• What you need to do: For this exercise, the lines from the one with "Shingles is caused" through the final line of the data below are to be transcribed exactly, and pictures are to be skipped.

• Data:
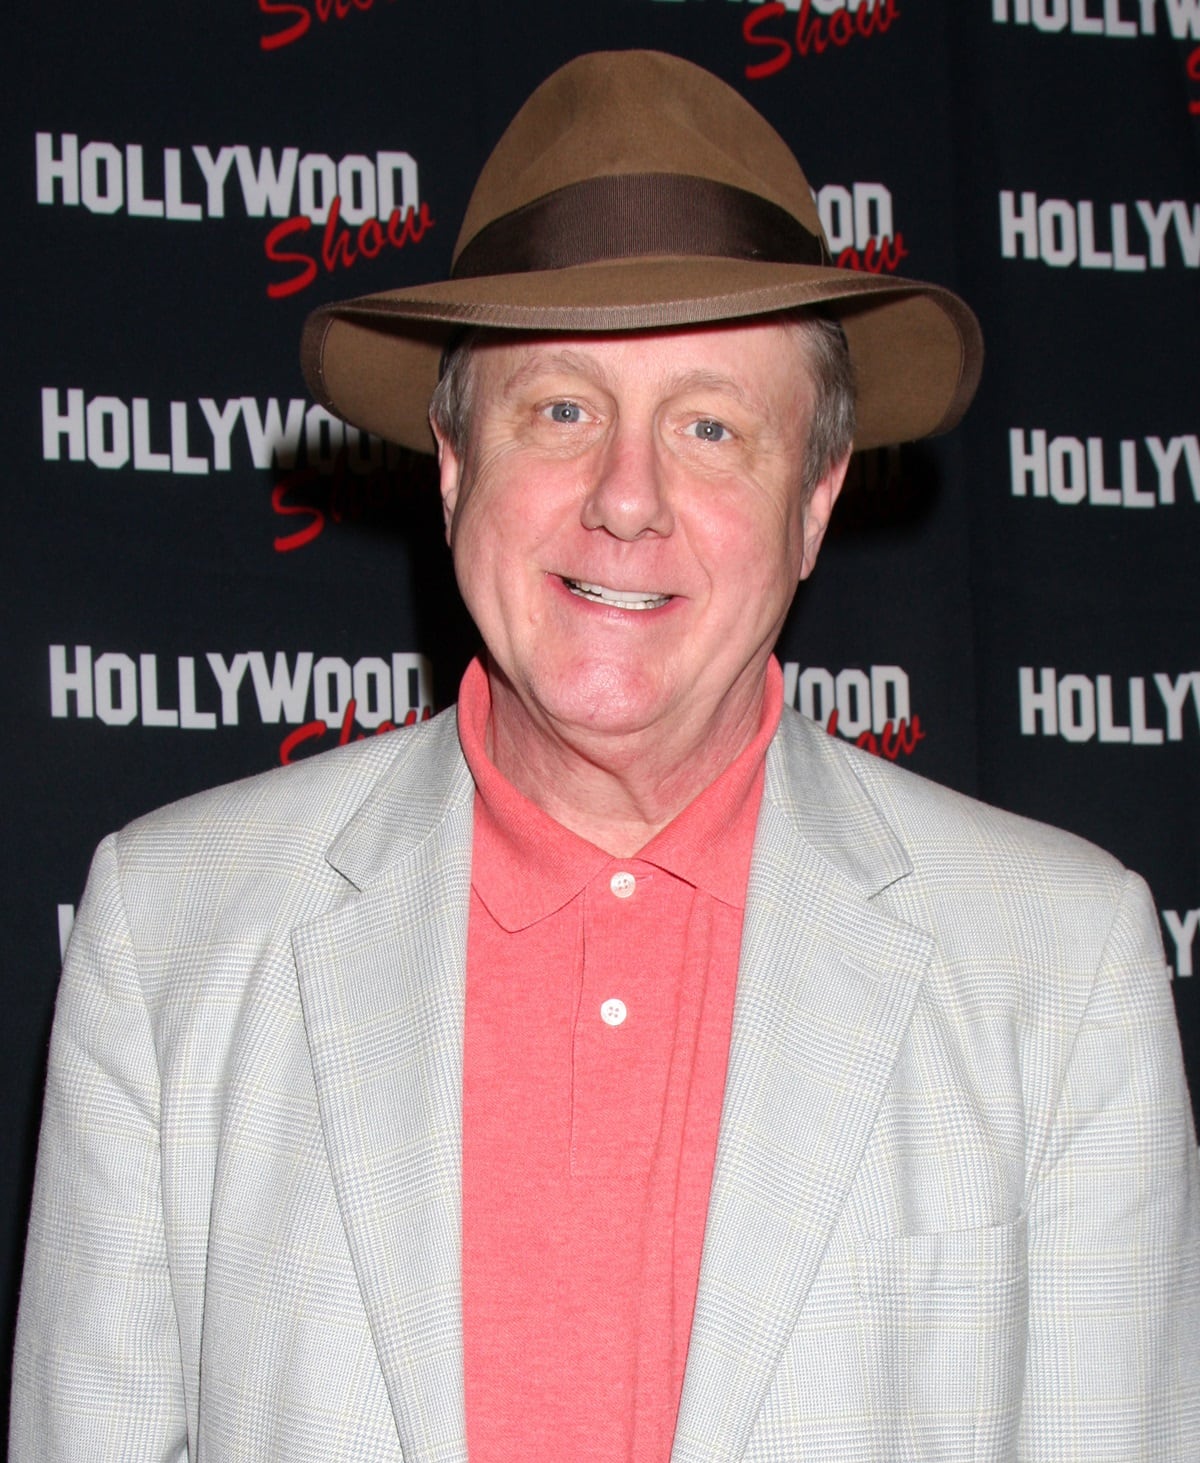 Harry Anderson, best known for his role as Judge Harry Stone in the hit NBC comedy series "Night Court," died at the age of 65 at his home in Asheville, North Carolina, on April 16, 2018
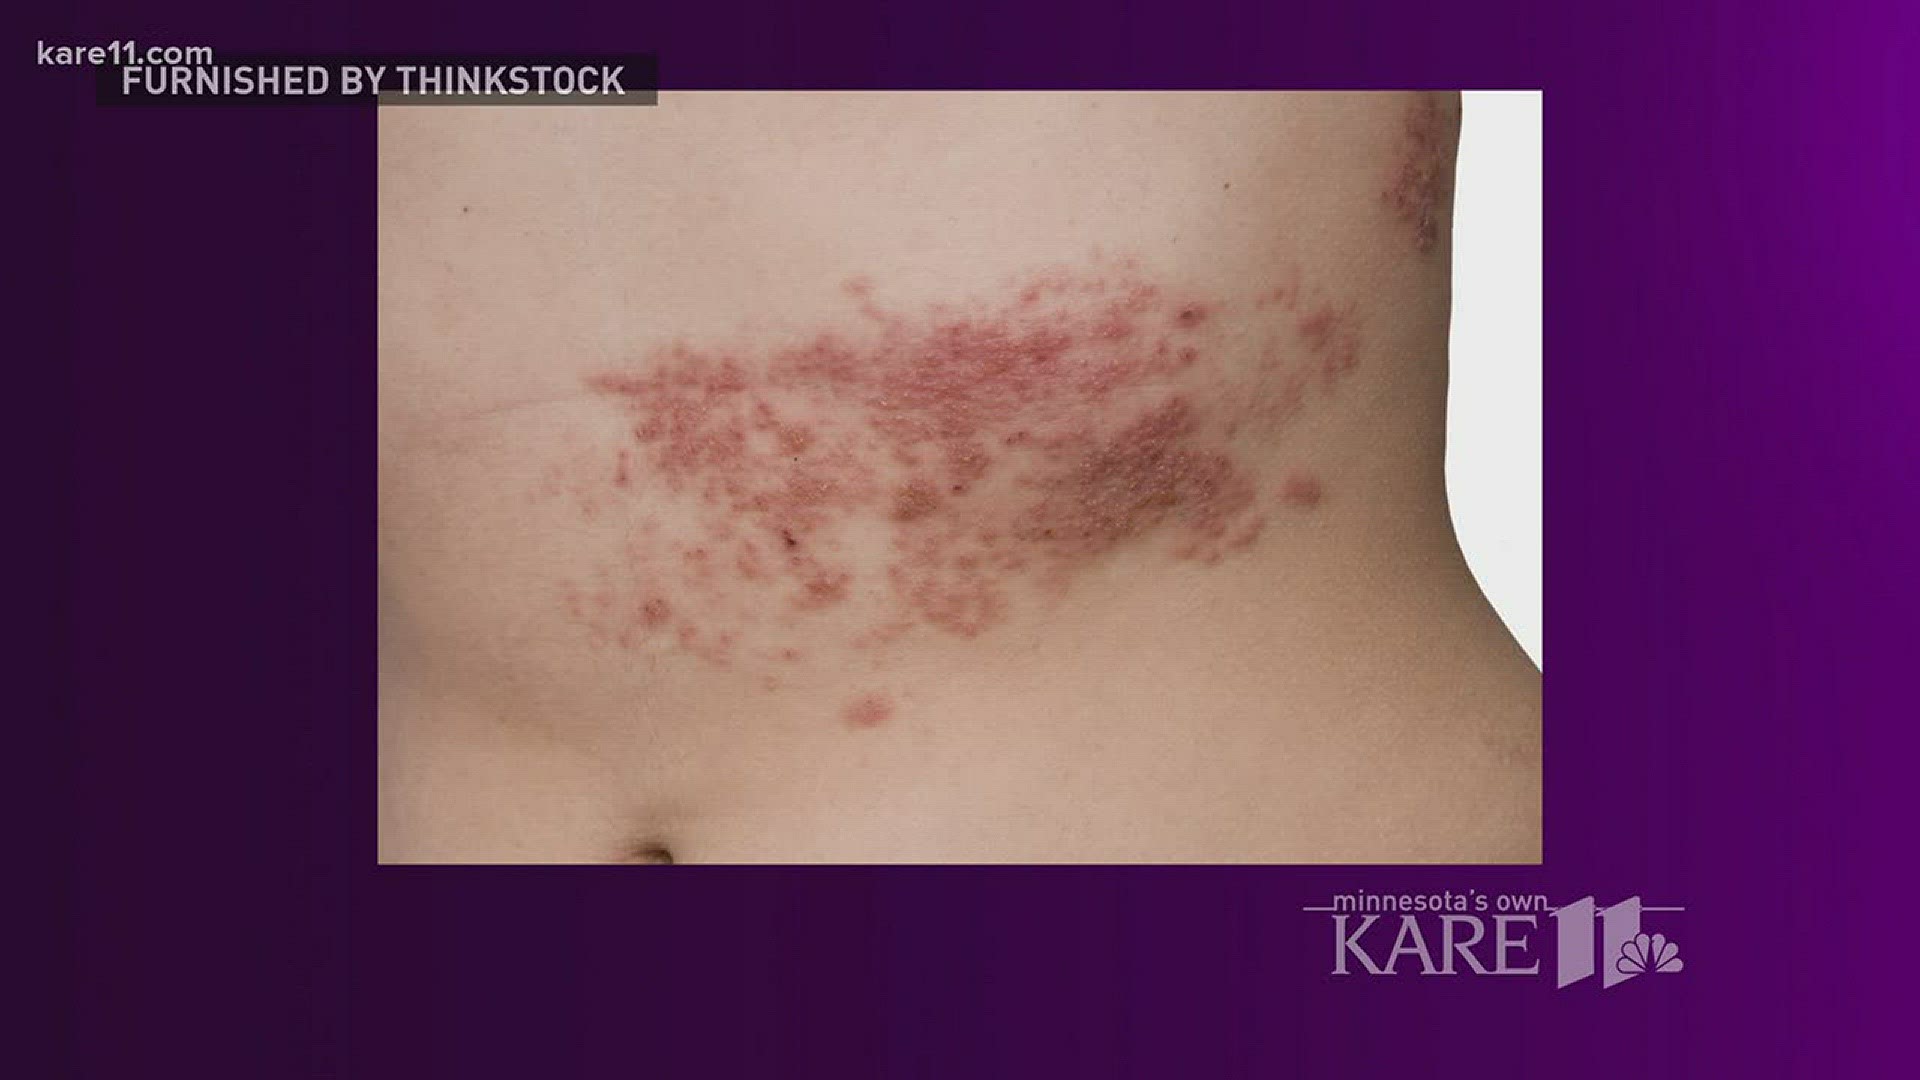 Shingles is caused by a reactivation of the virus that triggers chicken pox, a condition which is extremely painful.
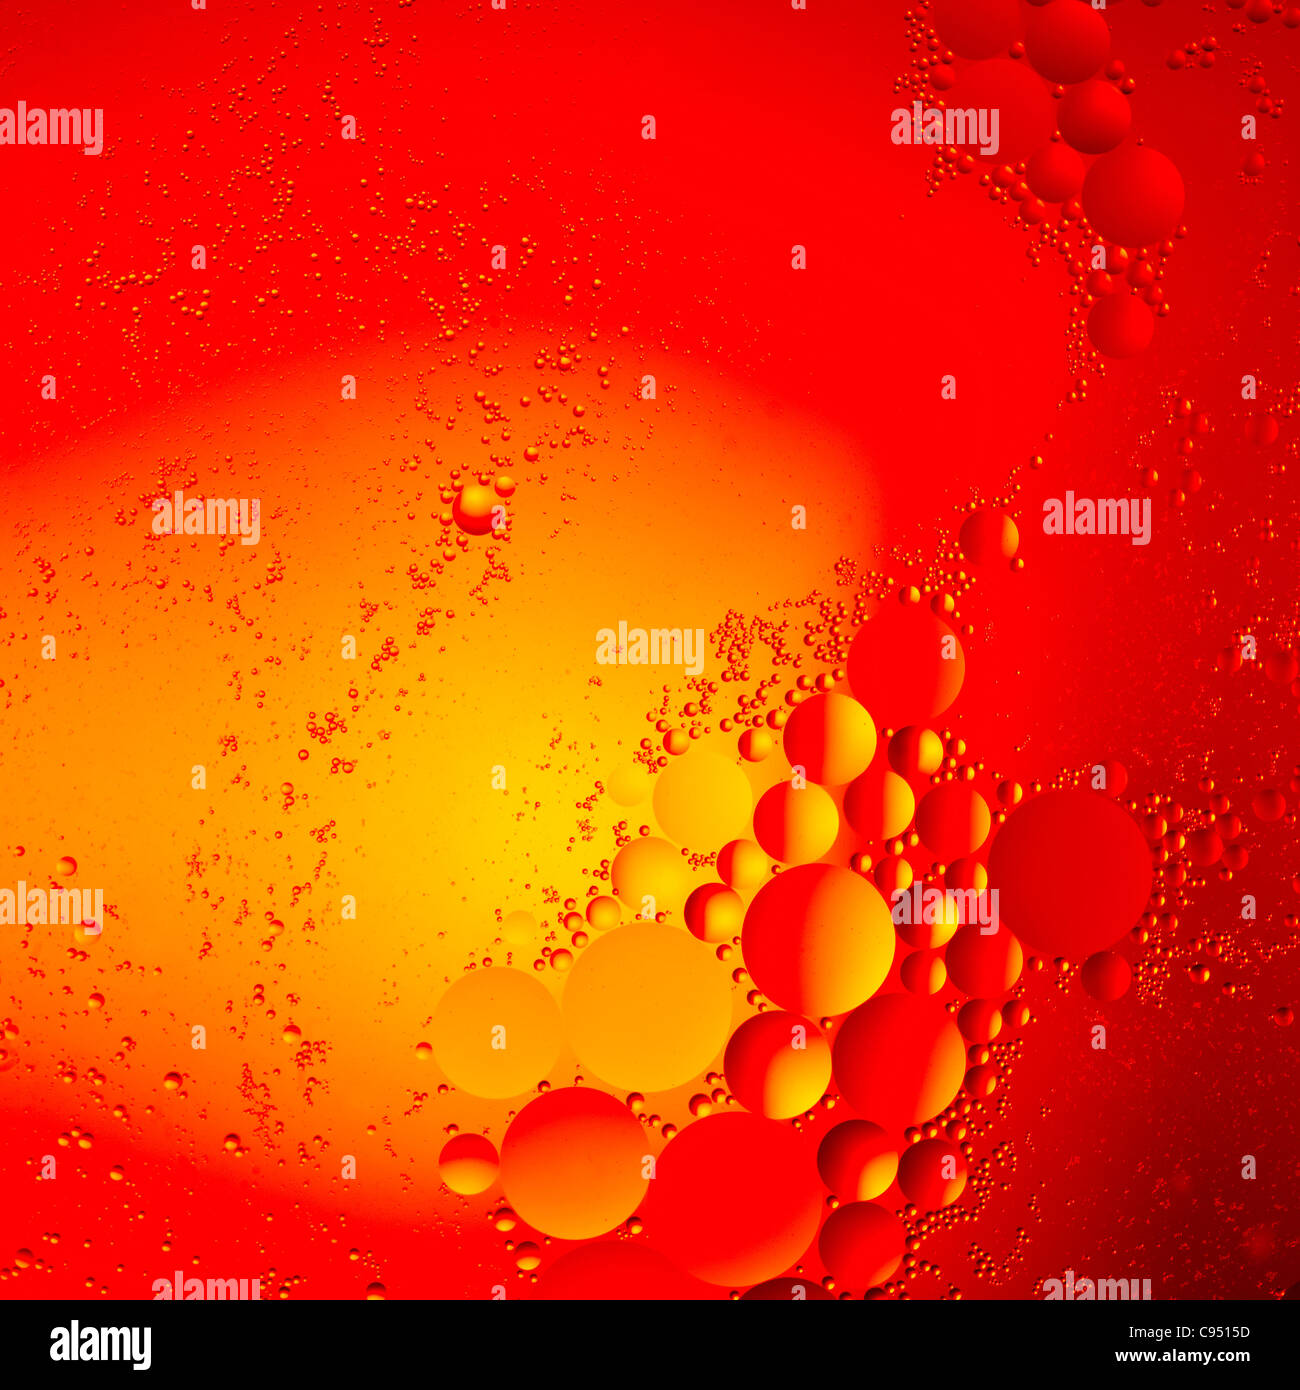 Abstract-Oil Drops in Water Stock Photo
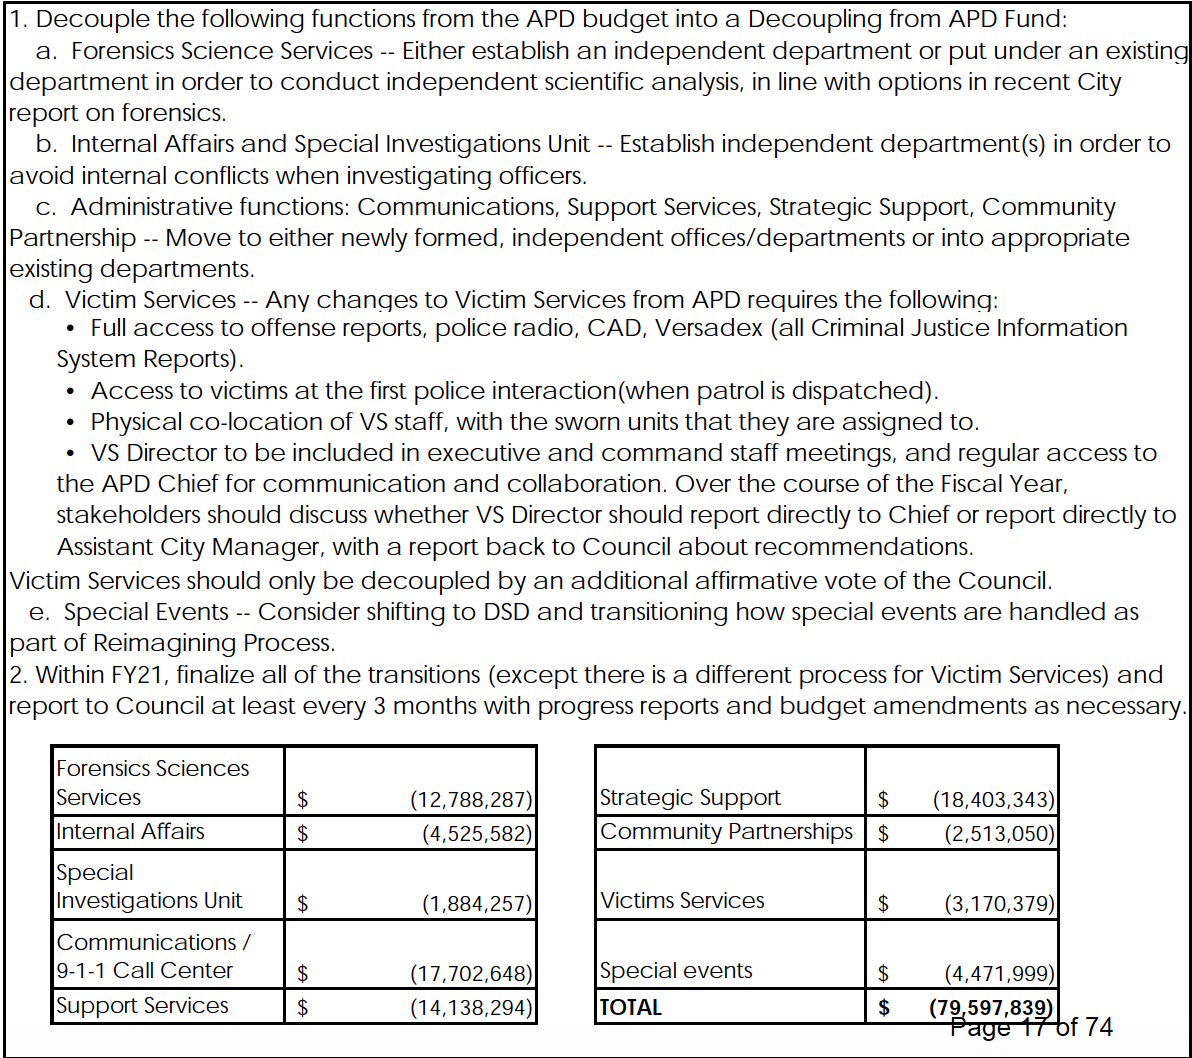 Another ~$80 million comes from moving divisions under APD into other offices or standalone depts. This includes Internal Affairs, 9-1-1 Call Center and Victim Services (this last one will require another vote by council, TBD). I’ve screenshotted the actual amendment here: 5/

• Exercise answer:
 Shingles is caused by a reactivation of the virus that triggers chicken pox, a condition which is extremely painful.
 Abstract-Oil Drops in Water Stock Photo
 Another ~$80 million comes from moving divisions under APD into other offices or standalone depts. This includes Internal Affairs, 9-1-1 Call Center and Victim Services (this last one will require another vote by council, TBD). I’ve screenshotted the actual amendment here: 5/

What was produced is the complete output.